Zero risk value proposition

Absence of risk to the franchisee is a hallmark feature of the franchise. The upfront screening process performed by the interventionist, protects both parties in the license. If the project is going to fail, the interventionist will know it by the second episode of season one. Failure at that point can only be due to violations of the stop rules. That event triggers the provision for compensation in the licensing agreement.

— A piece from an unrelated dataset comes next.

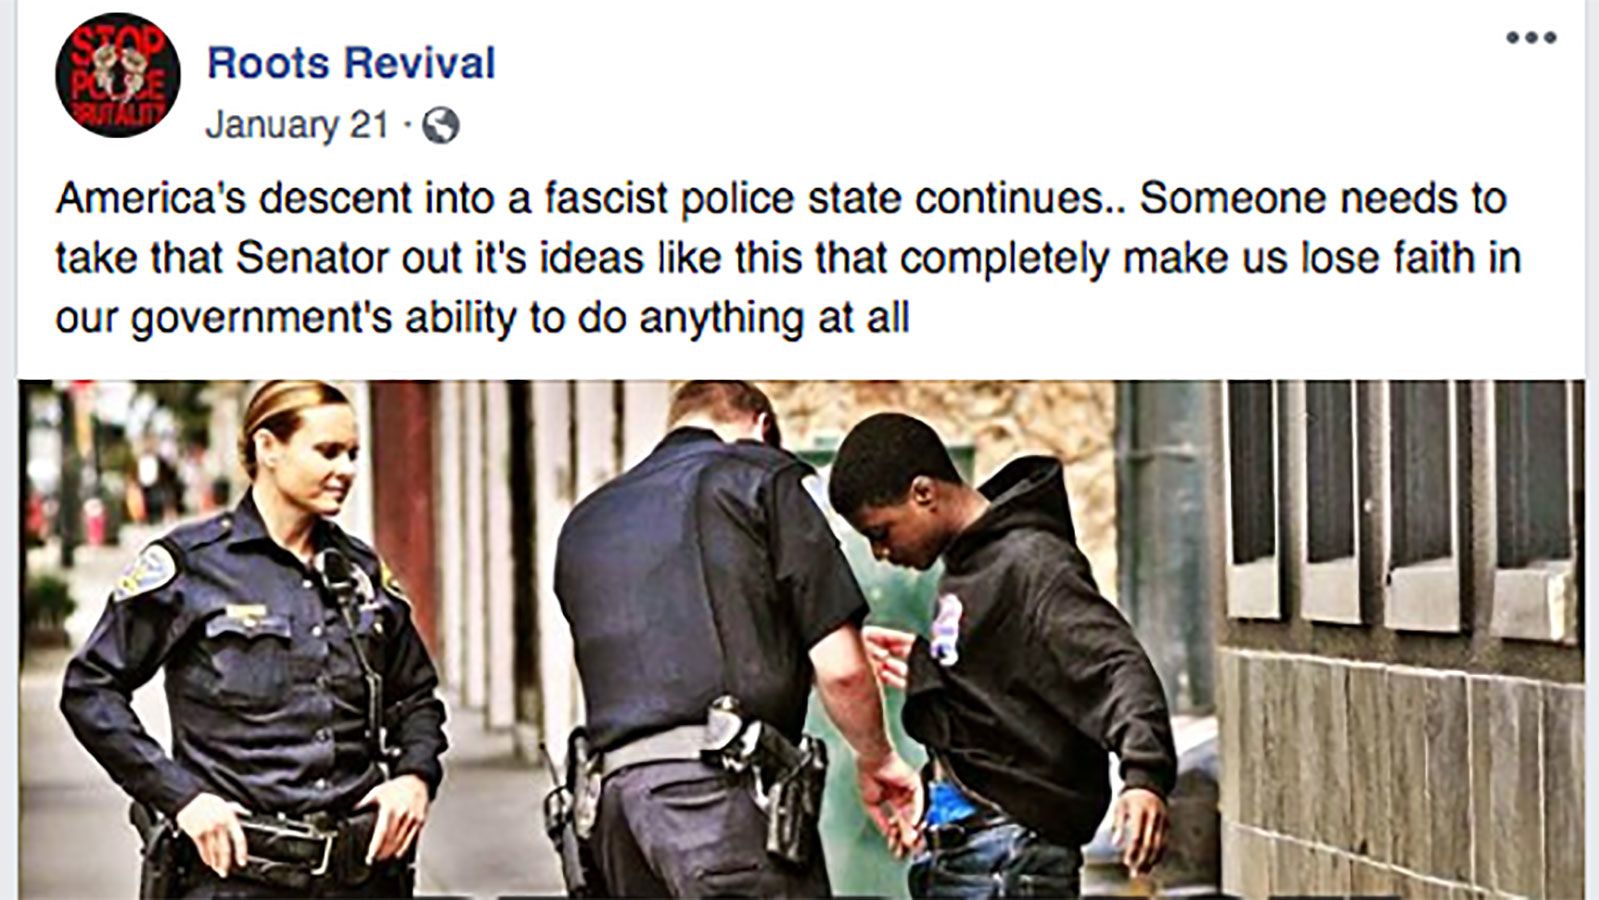 An image from a now-deleted Facebook page of one of the trolls touted alleged police targeting of African Americans.
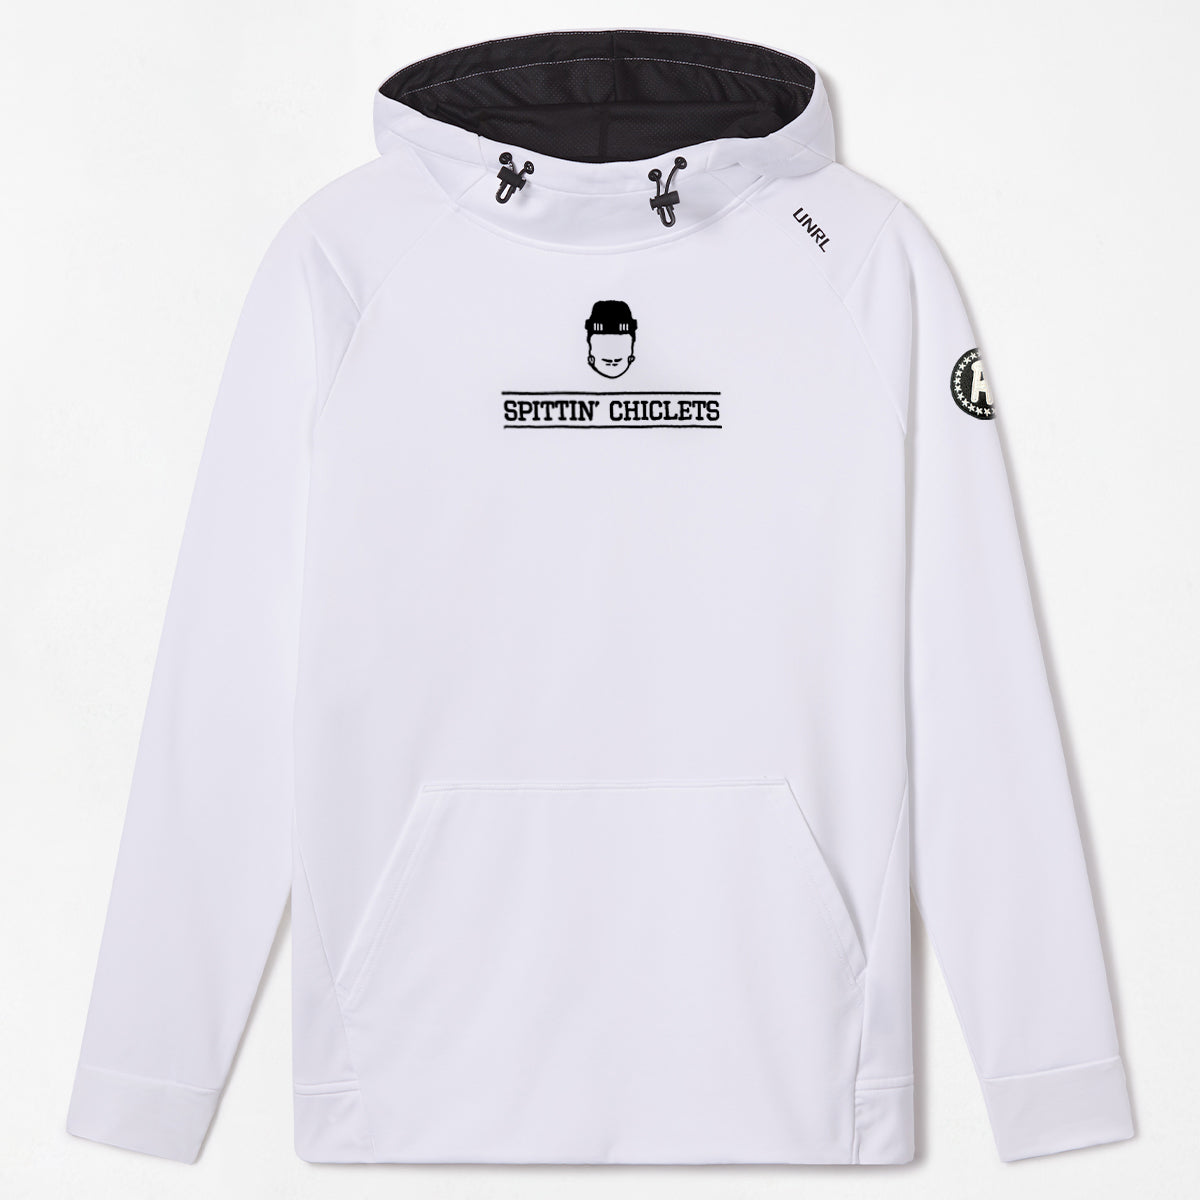 UNRL x Spittin Chiclets Crossover Hoodie II-Hoodies-Spittin Chiclets-Barstool Sports

Milestones in the Plan A to Plan B process.

Plan A economics

There are five functional cost centers in the financial breakdown:

  1. Productivity
  2. Administration
  3. Positive reciprocity
  4. Competitive advantage
  5. Franchising

Centers 3-5 are uniquely enabled by Plan B

Productivity

The direct effect of Ca’canny, a loss in productivity, increases the cost of production by a nominal 25%. Productivity is defined herein as cost of production minus losses and waste.

Administration

The administrative costs of Plan A OD include:

  1. Turnover
  2. Workforce security, health and safety
    1. Psychological
    2. Physical
  3. GIGO, opacity. Undetected bad choices
  4. Customer dissatisfaction
  5. Stakeholder dissatisfaction
  6. Overhead
    1. Inspection
    2. Policing for corruption
    3. Regulation
    4. Litigation
    5. Insurance
    6. Public relations

Keystone Task Sequence

  • Form keystone brotherhood
  • Clue workers in on strategy. Enjoy benefits other than financial, for now
  • Franchise-ready. Offer franchisor status to host management.
  • Value proposition, all measurables, adequate
    • Immediate
    • Projected

Note:

If the business relationship that you are entering into includes (a) the license of a trademark, (b) the payment of a fee, and (c) an agreement where you will have a level of control over how someone operates their business, the business relationship is deemed a franchise and subject to the franchise laws. In the case of licensing Plan B, none of those issues apply. There is no trademark, no upfront fee, and no control.

When clients prove worthy by site visits, licensing lawyers complete the deal. The license includes financial penalties for stop-rule violation.